Книга: Золото дураков
Назад: 21. Когда что-то на отлично
Дальше: 23. Время бить

22. Пробуждение зверя

Чуда стояла, разинув рот. Она никогда в жизни не видела ничего подобного.
— О вислые сиськи Вруны! — выдохнула Летти. — Навидалась я золота за свою жизнь, но это…
Чуда обратила внимание и на золото. Да, немало. Монеты, короны, медальоны, ожерелья, броши, браслеты, скипетры, золотые рамы, серьги, изумруды, рубины, топазы, бриллианты, жемчуг…
Чуда равнодушно отвернулась и снова уставилась на НЕГО.

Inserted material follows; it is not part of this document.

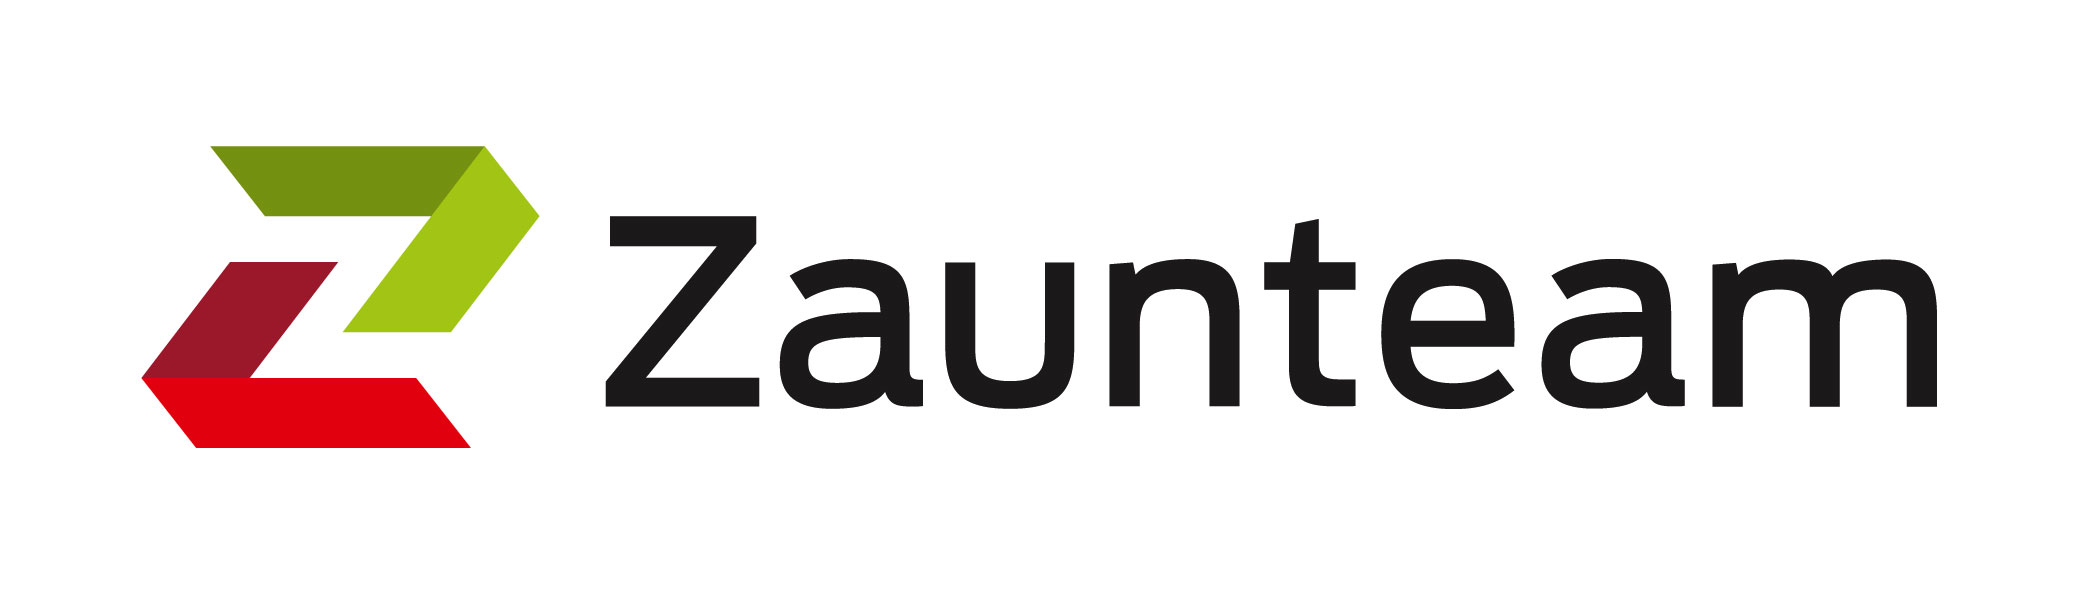 Zaunteam Zaunsysteme GmbH

Мантракс — огромная извивчатая колонна мышц и чешуи — распростерся на груде сокровищ. Кожистые крылья свешивались, прикрывая злато. Голова — огромный острый клин. Ноздри такие широкие, что можно просунуть сжатую в кулак руку и притом не коснуться тонких волосков, растущих по стенкам. Каждый коготь на лапах — длиннее ее предплечья.
Чуда едва могла вдохнуть от изумления. Ее распирало. Легкие раздувались, норовя вырваться наружу из клетки ребер. Несмотря на сгущающуюся ночь, пещера казалась залитой ярким светом. Но все, кроме НЕГО, будто обволакивалось туманом, пропадало.
Чуда шла к дракону, словно сомнамбула. Ступала на груды золота и украшений, подминала целые состояния, осыпающиеся под ногами. Она вытянула руку. Его нужно коснуться.
Интересно, чешуи грубые на ощупь? Гладкие? Теплые? Твердые или мягкие? А может, они упругие и податливые?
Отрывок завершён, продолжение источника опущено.